What is needed
In your copy of the data, include no pictures and alter nothing else.

Data segment
┄┄┄┄┄┄
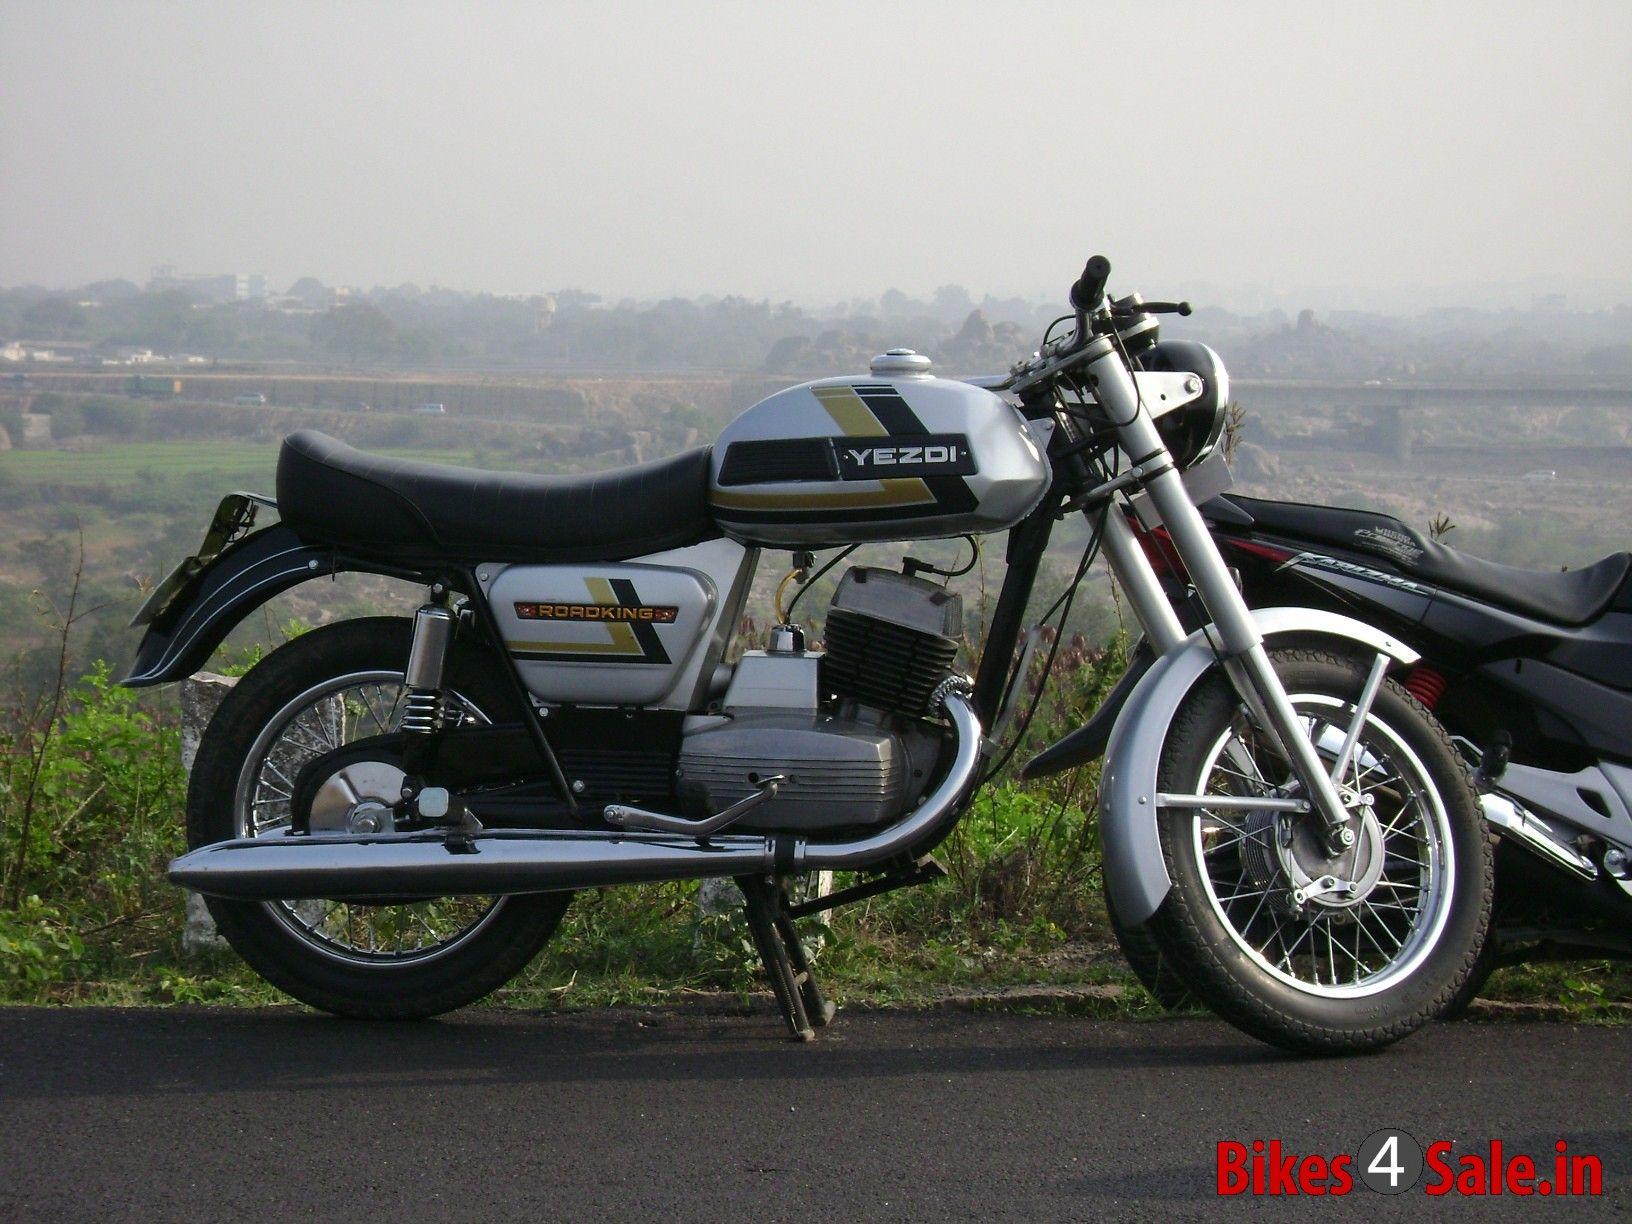 Ideal Jawa Yezdi Roadking Picture 1 Bike Id Is 30692 Motorcycle
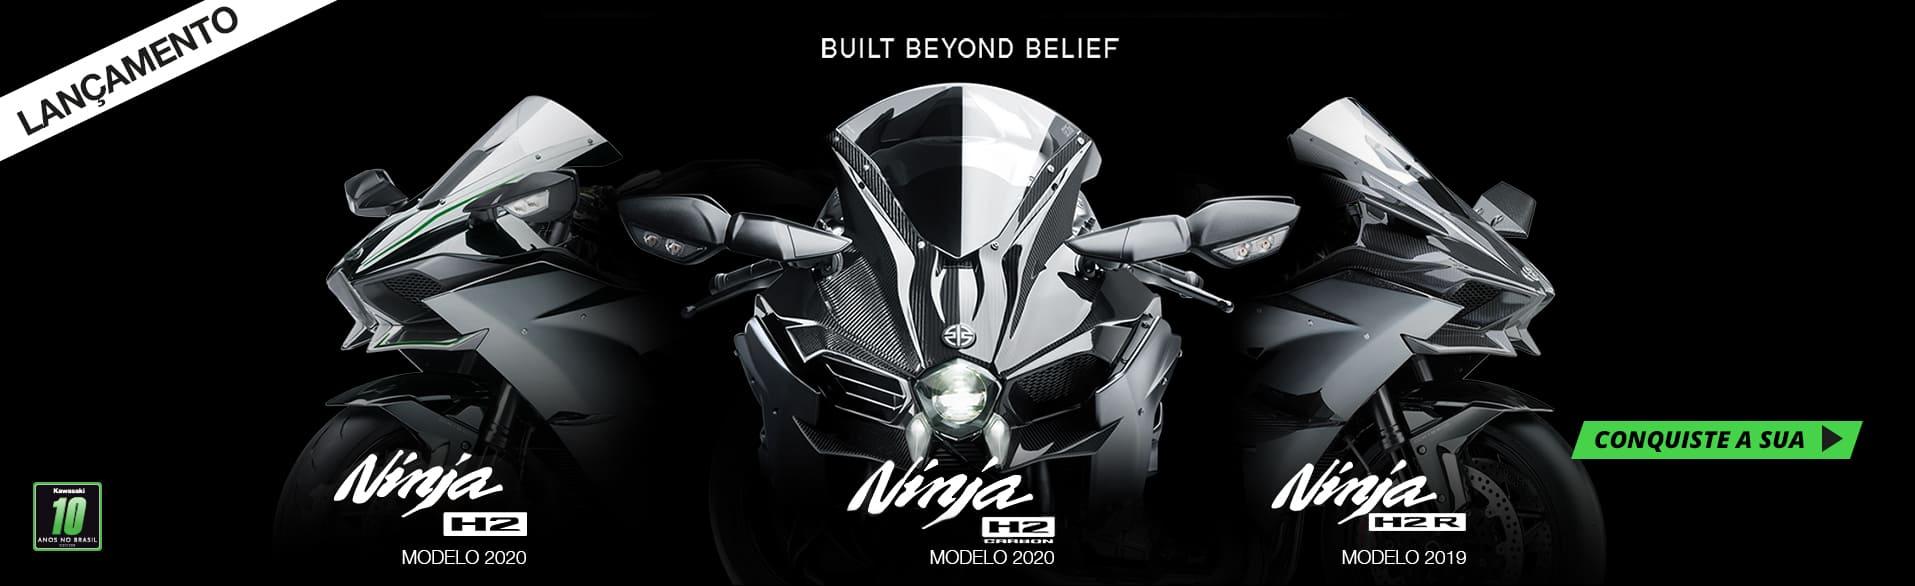 lançamento ninja h2
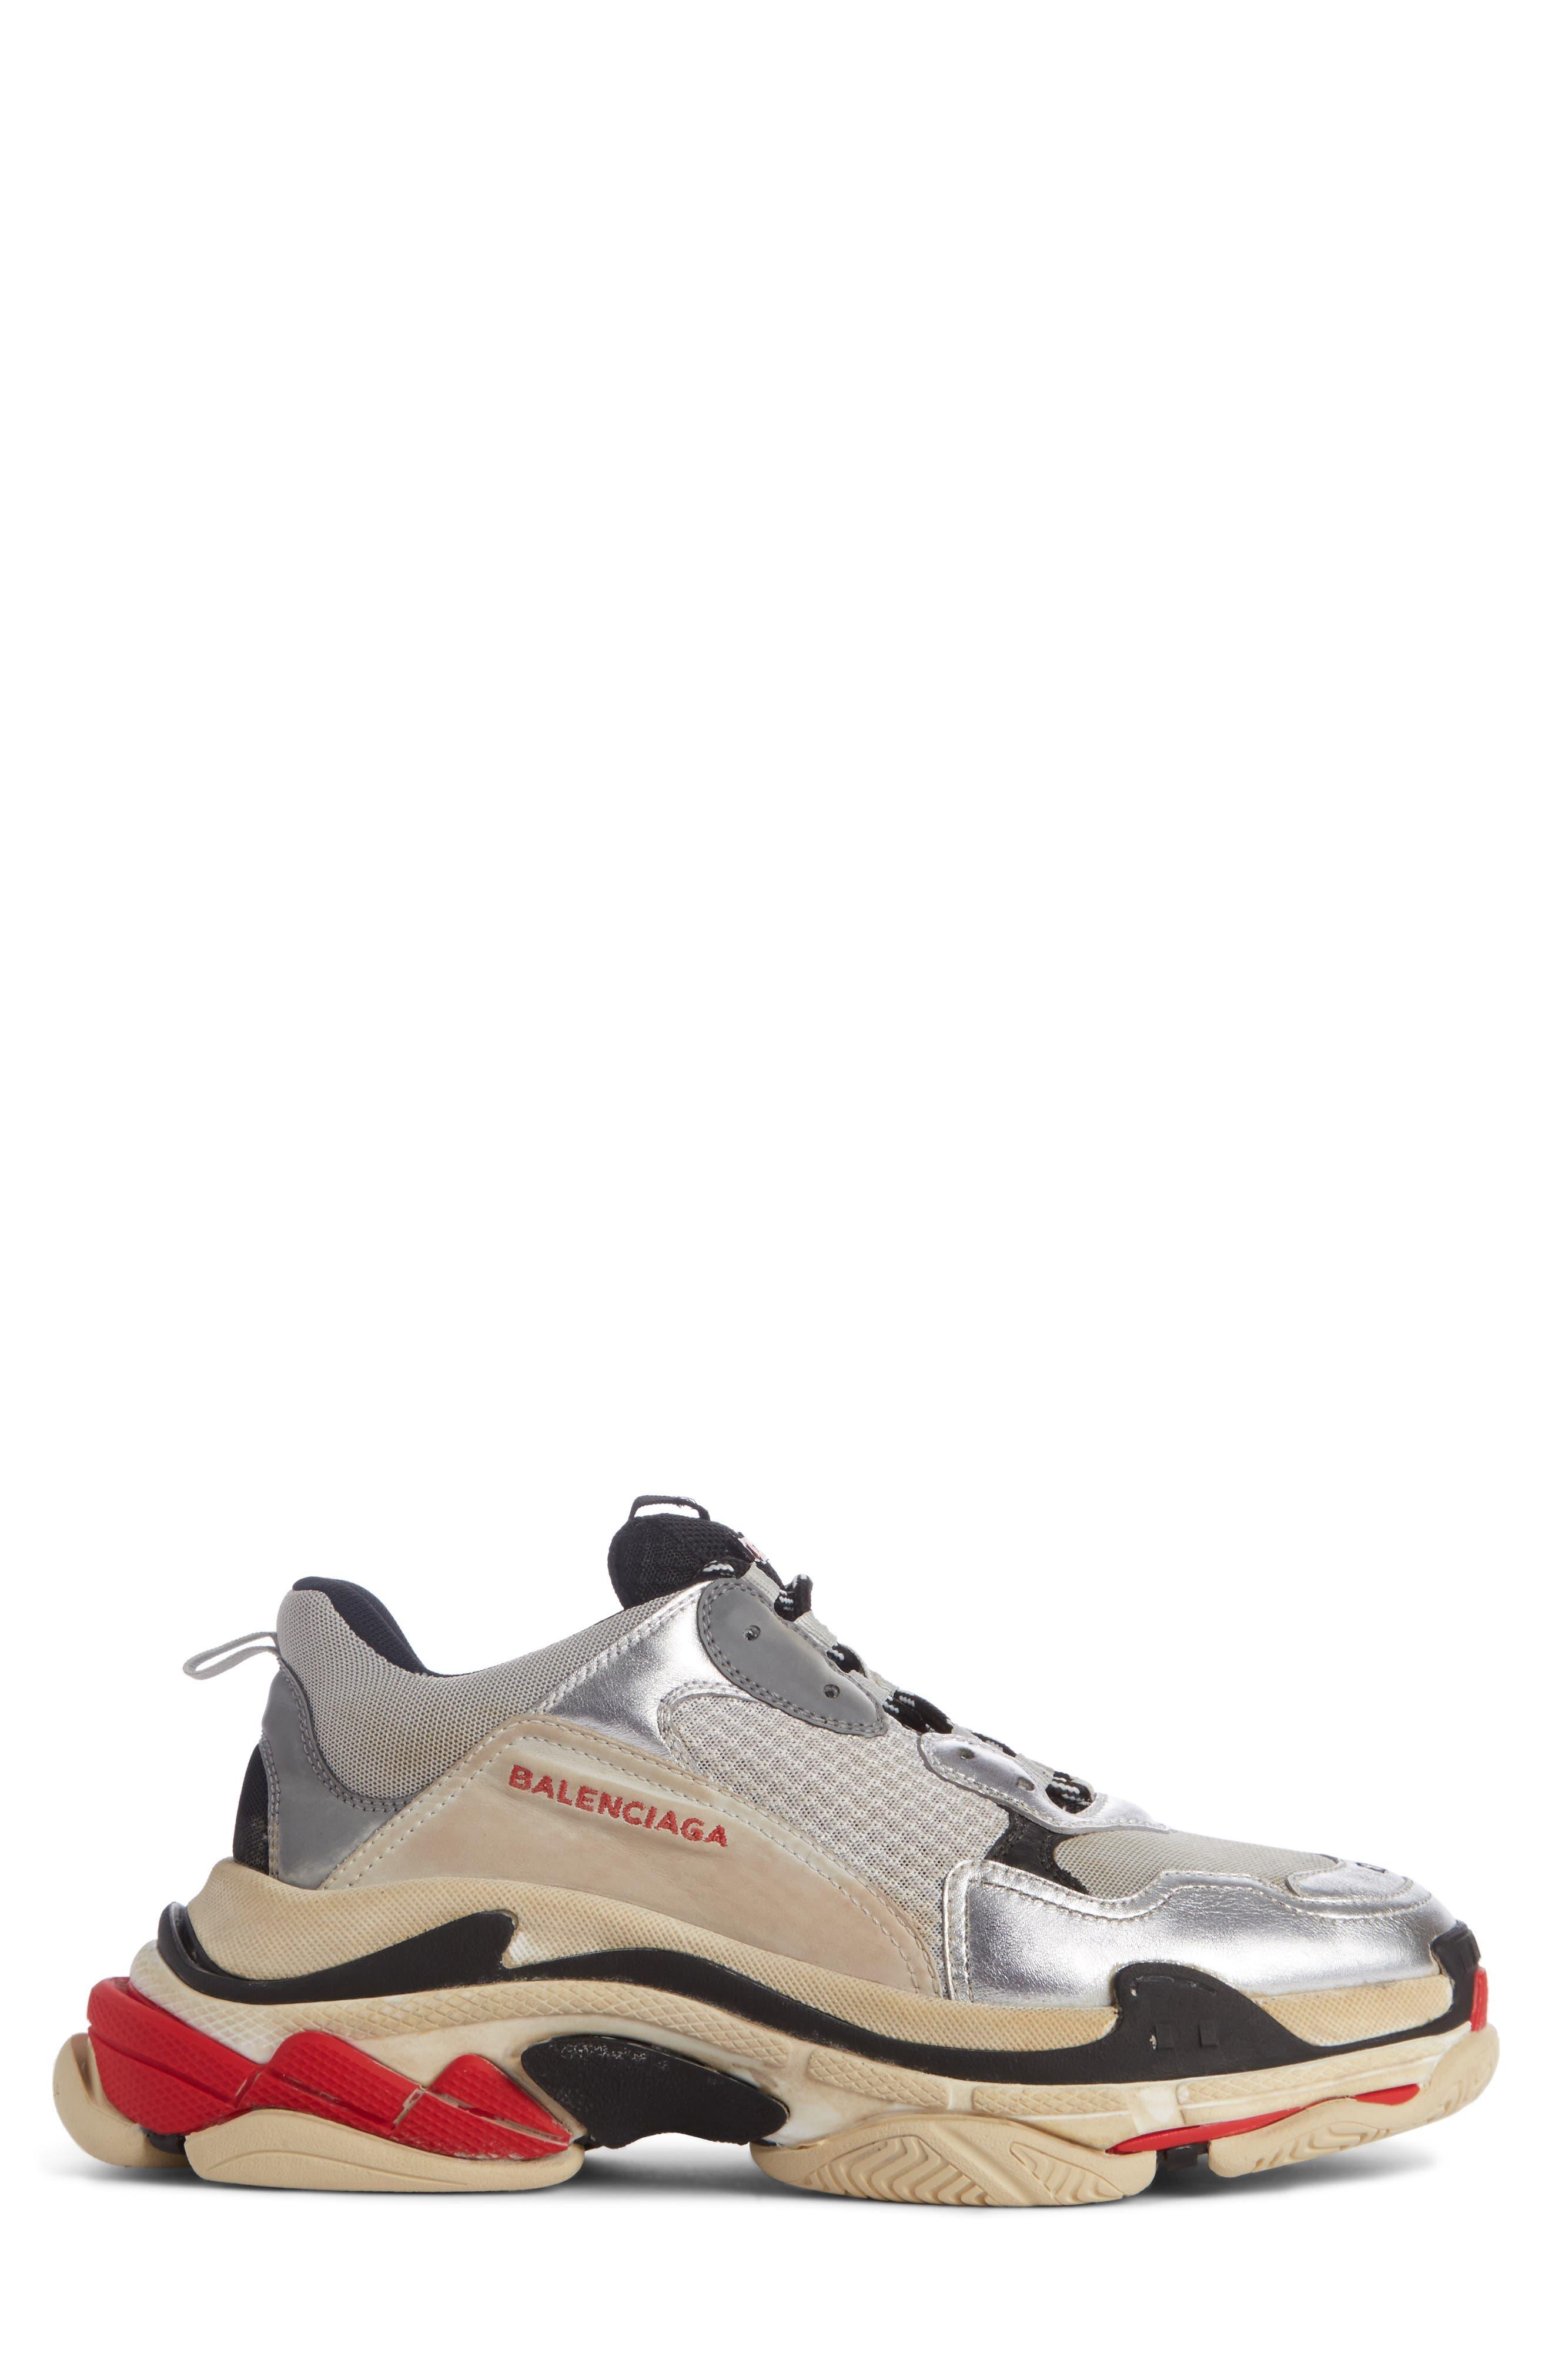 Alternate Image 3  - Balenciaga Triple S Retro Sneaker (Men)
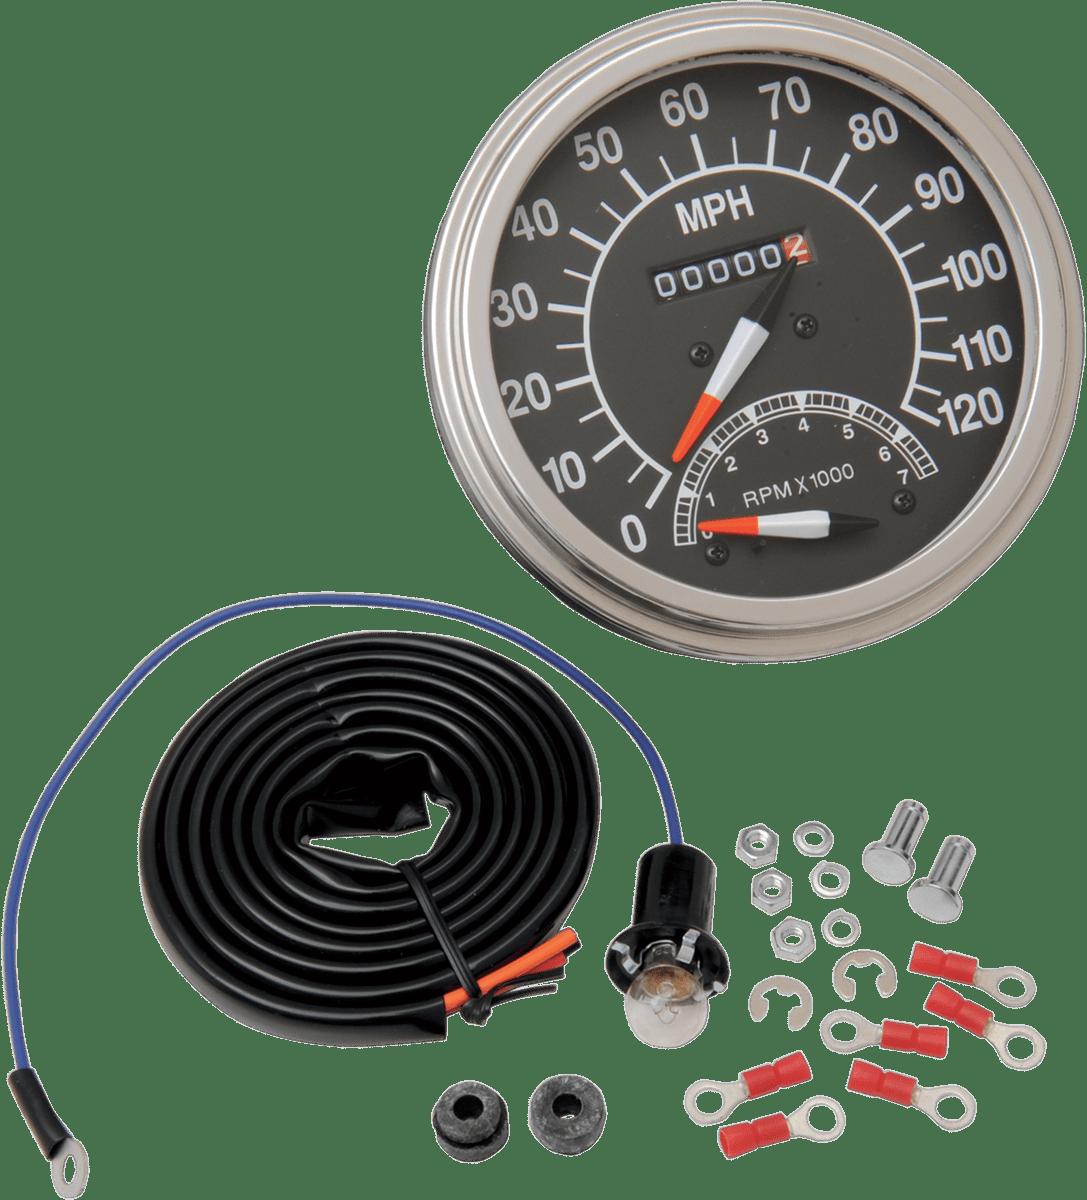 hight resolution of mopar tach wiring diagram wiring librarymopar tachometer wiring diagram explained wiring diagrams harley speed sensor wiring
┄┄┄┄┄┄
Finished exercise
 Ideal Jawa Yezdi Roadking Picture 1 Bike Id Is 30692 Motorcycle
 lançamento ninja h2
 Alternate Image 3  - Balenciaga Triple S Retro Sneaker (Men)
 hight resolution of mopar tach wiring diagram wiring librarymopar tachometer wiring diagram explained wiring diagrams harley speed sensor wiring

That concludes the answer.